MURFREESBORO, Tenn. — Middle Tennessee State University’s in-the-field training offered through its undergraduate elementary teacher preparation program has been ranked among the nation’s best by the National Council on Teacher Quality.
MTSU’s clinical practice program stands out as among only 33 traditional elementary programs out of more than the 1,100 evaluated to earn an “A” grade in the NCTQ’s 2020 Teacher Prep Review.
Bobbi Lussier, executive director of professional laboratory experiences in MTSU’s College of Education, credited collaboration with the school’s pre-K-12 partners for its score on the clinical practice, also known as in-classroom experience and student teaching.
“It’s reflective of all the hard work that the university, our school partners, our faculty, their faculty and our teacher candidates have committed to … producing effective teachers for the future of our students in the classroom,” Lussier said. “That’s our focus. It’s not necessarily all about our teacher candidates, but the students that they’re going to be teaching in the classroom. That’s where the focus needs to be.”

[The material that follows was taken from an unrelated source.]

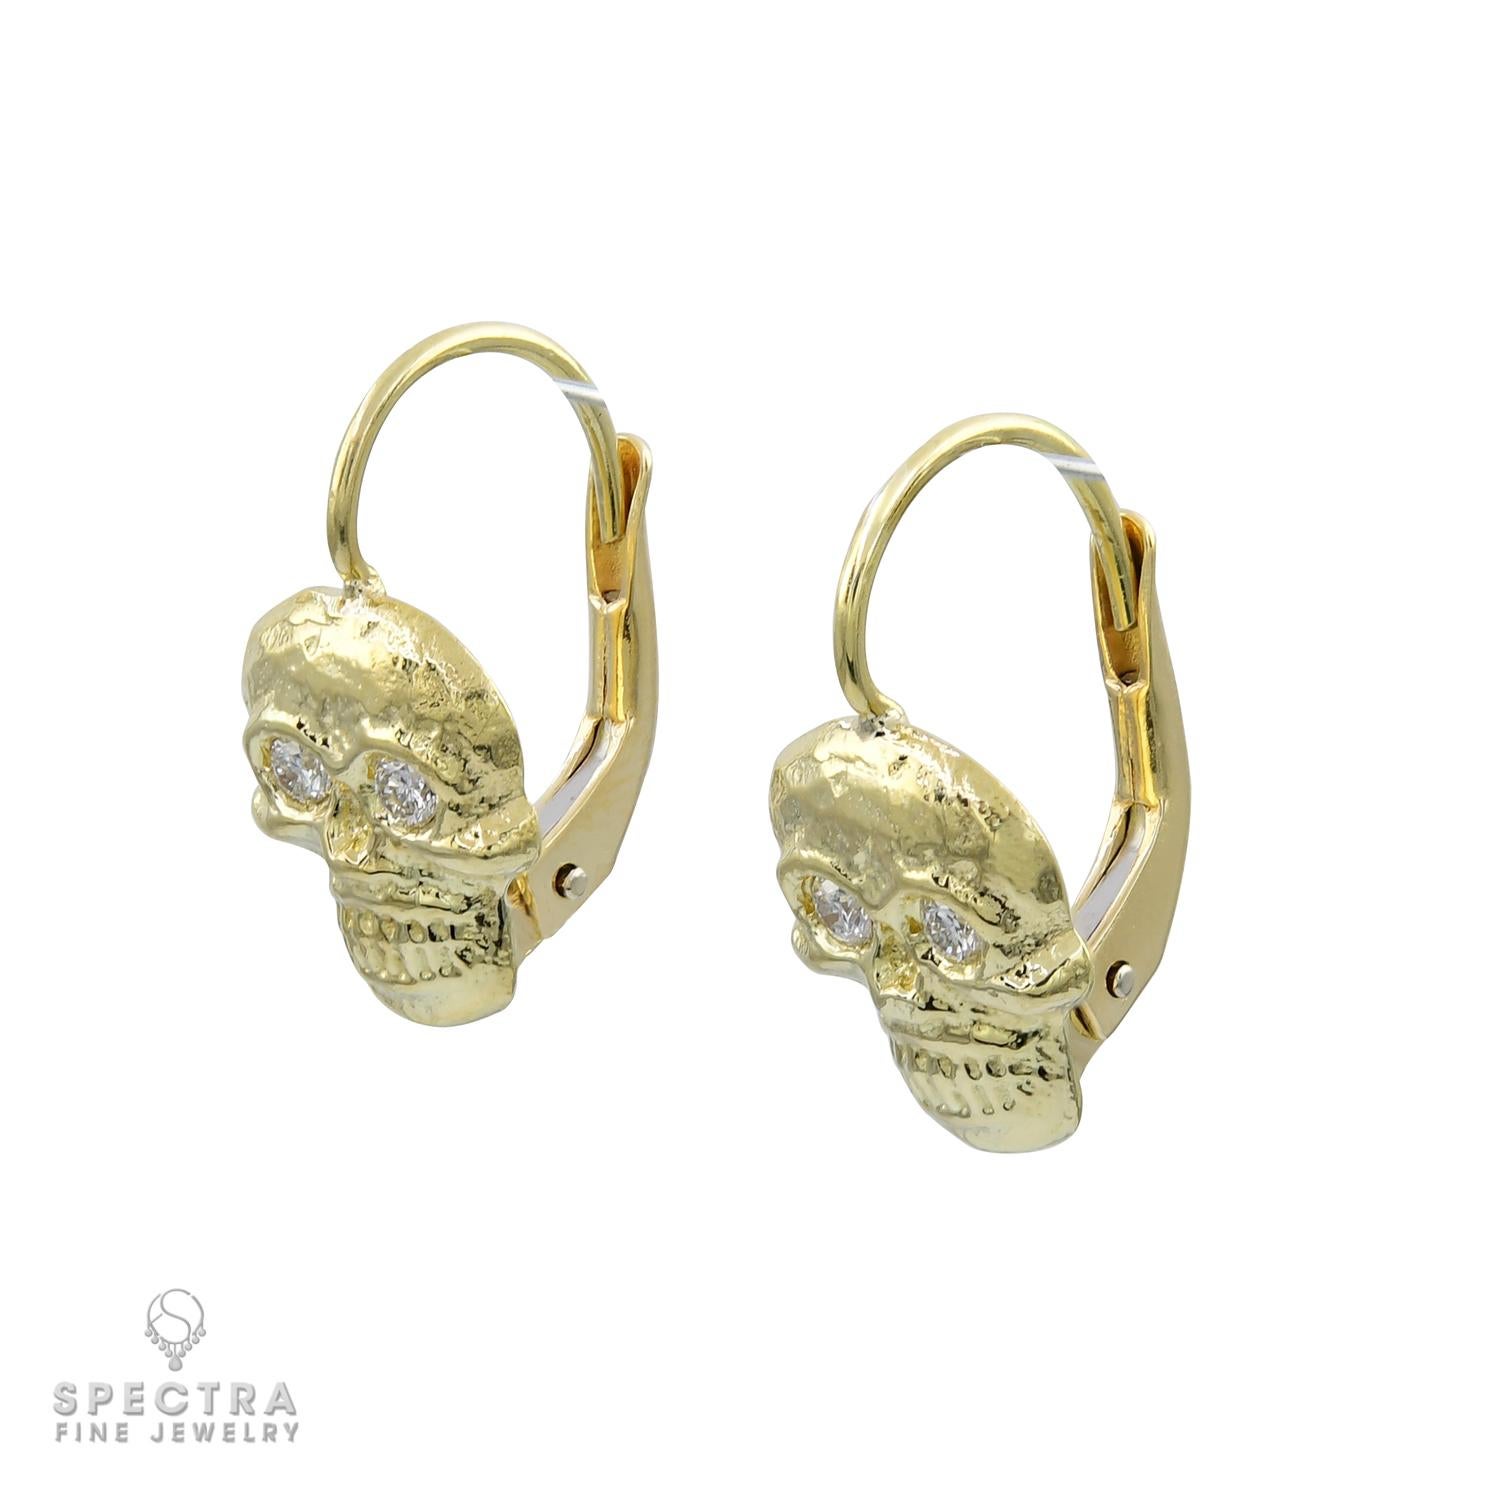 Ces jolies boucles d'oreilles aux motifs de crâne uniques sont réalisées en or jaune 18 carats lustré. Elles pèsent au total 4,80 grammes et mesurent environ 0,5 pouce de long. Les crânes détaillés sont conçus pour pendre élégamment aux lobes

Now in its fourth edition, the Teacher Prep Review assigns a team of experts to evaluate teacher
preparation programs on three elements of clinical practice: length of the experience, frequency of involvement from a program supervisor and selection of an effective mentor teacher.
“These top programs are to be commended,” observed Kate Walsh, president of NCTQ. “Too many teacher prep programs struggle to make clinical practice a meaningful learning experience for aspiring teachers…. The effort that these top programs have made to ensure alignment with their local districts so they can offer strong clinical experiences will have lasting positive impacts on their teacher candidates, and more importantly, their candidates’ future students.”
The NCTQ’s review recognized the top-performing programs for requiring candidates to spend 10 or more weeks in an experienced teacher’s classroom, screening mentor teachers for mentorship skill and instructional effectiveness as measured by student learning, among other skills, and requiring program supervisors to give student teachers written feedback based on observations at least four times during the clinical practice experience.
“This A reflects the quality work across many years of diligent work by Ms. Lussier with faculty and staff under the leadership of Dean Lana Seivers (emeritus), who received support from Provost (Mark) Byrnes and President (Sidney A.) McPhee,” said Rick Vanosdall, who assumed the role of interim education dean following Seivers’ retirement over the summer.
“This is truly an accomplishment that requires tremendous support from MTSU and our school district partners.”
While the council’s review also concluded that many schools struggle to select an effective mentor teacher for student teachers, Lussier noted that the MTSU College of Education works to build strong relationships with its 42 partner school districts to improve appropriate mentor teacher selection. The university has its most in-depth, intense partnerships with Rutherford County Schools and Murfreesboro City Schools, and “we’re working to … go deeper with our other partnerships as well,” Lussier said.
Lussier also knows the college will have to continue to work hard to remain a top school for its hands-on, in-the-field teacher preparation program.
“We even have to work harder to maintain this A because things are always changing, and even though we got an A, we still have areas that we need to improve,” she said.  “We’re working with our primary partners (school districts) to identify what we need to do to take our program to the next level.”